Published: Tue 23 Dec 2003 11:04 AM
Meditations (Philosopy) - From Martin LeFevre in California
Winter Solstice in the Northern Hemisphere
We humans have a problem with time. Existentially and philosophically, time is both a trap and a mystery.
Most people are so caught in time's net that they take it as a given. The past flows into the future without even slowing down for the present. Sadly, it seems few ever experience a fully conscious moment of timelessness.
That is one problem. It goes to the question of whether meditation can be taught, or even conveyed, since meditation only begins the moment thought and time end.
But if time is illusory, why does it have such a hold on the human mind? Is it because thought is dualistic?
During meditation, dualistic perception ceases. With sufficient attention, the linear progression of consciousness gives way. There is just observing, no observer.
How does that happen? One watches the stream of consciousness until there is no longer a separate watcher. Then, undivided watchfulness intensifies, on its own, until the stream of the past (what we usually call consciousness) empties into the stream of life. Time stops.

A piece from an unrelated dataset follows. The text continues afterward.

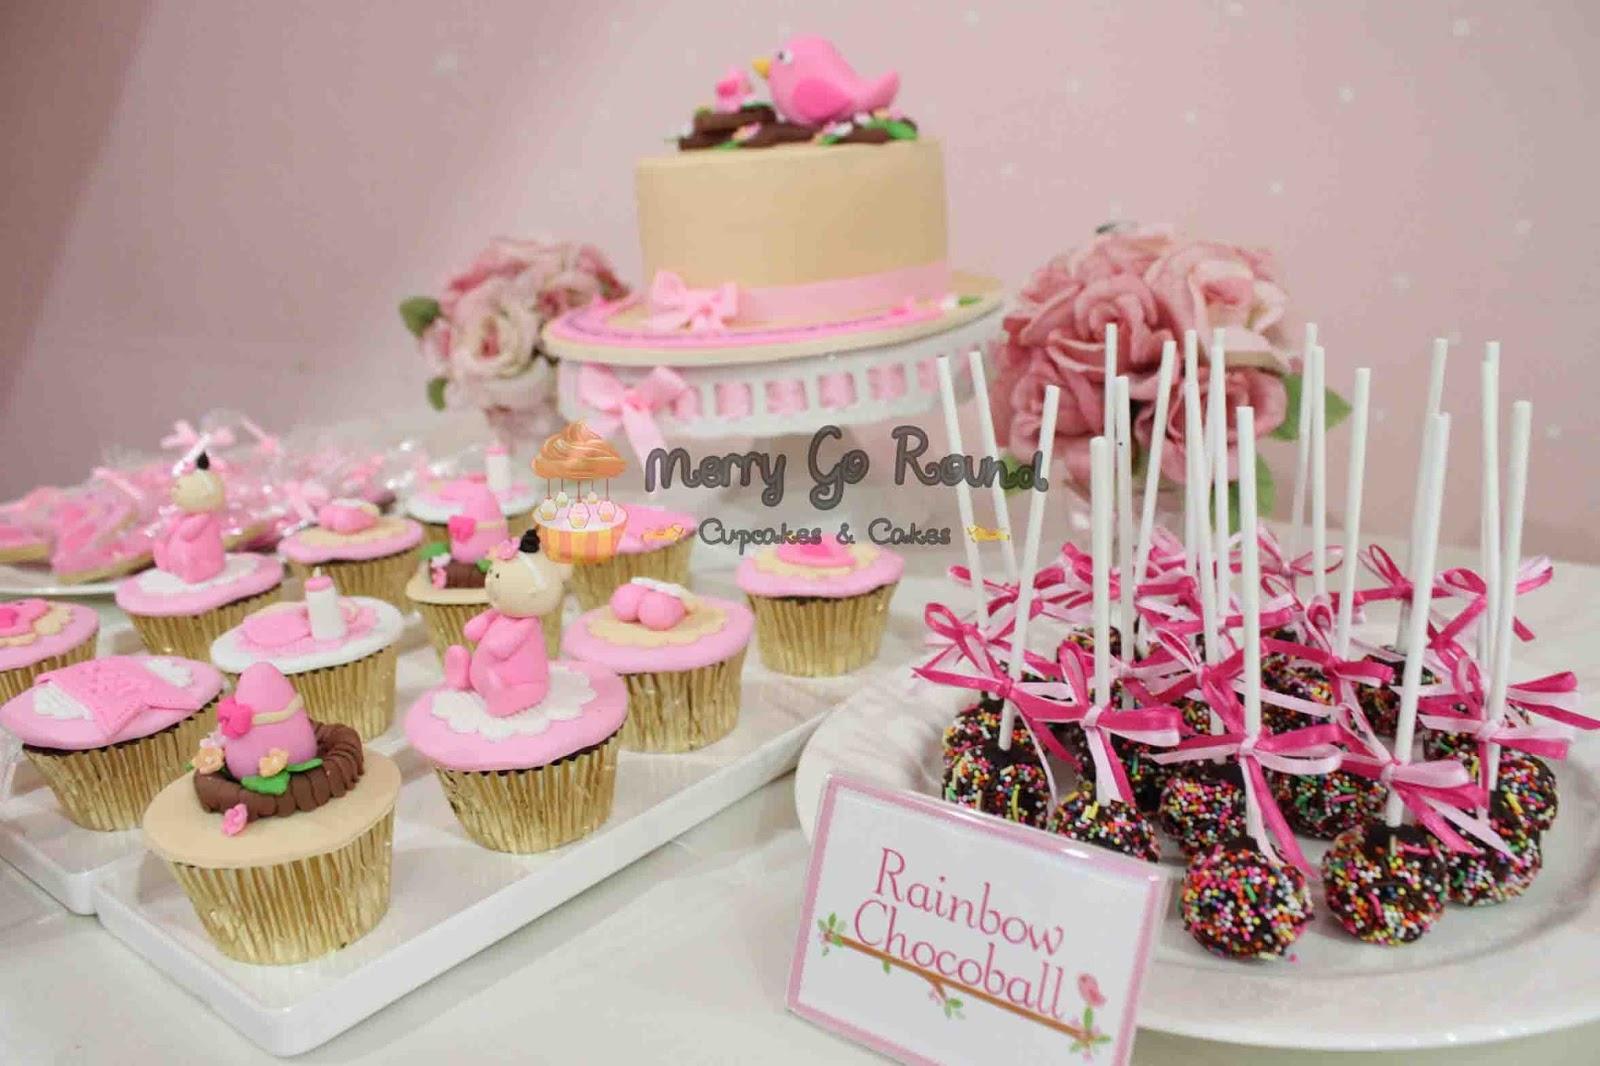 Merry Go Round Cupcakes Amp Cakes Dessert Table

So with sustained undivided observation, the infinite regression of the watcher surrenders its domination over the mind, and the illusory movement of time falls away. All sense of becoming, of gradually getting nearer some goal, ends. There is an infinite sense of being, rather than the infernal sense of becoming.
To my mind, this is the crucial art of effortlessly stopping psychological time every day. Otherwise life is just the momentum of the past racing headlong toward an ever-receding point until death.
But if life is essentially a timeless movement, what is evolution? After all, evolution took billions of years to produce complex life forms. So obviously in the physical sense time is real. Stars and planets and microbes and brains weren't formed overnight.
Clearly there is no goal in evolution, which takes time but does not employ time. Therefore perhaps the ending of psychological time allows creation to operate in the human mind, as it always has during evolution.
I feel there is an intrinsic awareness to never-ending creation, an intent driving the random movement of evolution--the development of galaxies, stars, planets, and life, as well as brains capable of questioning and being silently aware of the whole process.
Therefore when psychological time, which is the movement of thought, stops, the timeless unfolding of creation is seen and felt.
After a day of intermittent sunshine through high, gauzy clouds, it looked like it would be a bland, uninteresting sunset. But as I sat down on the patio after a busy day, a rim of pale violet appeared along the horizon.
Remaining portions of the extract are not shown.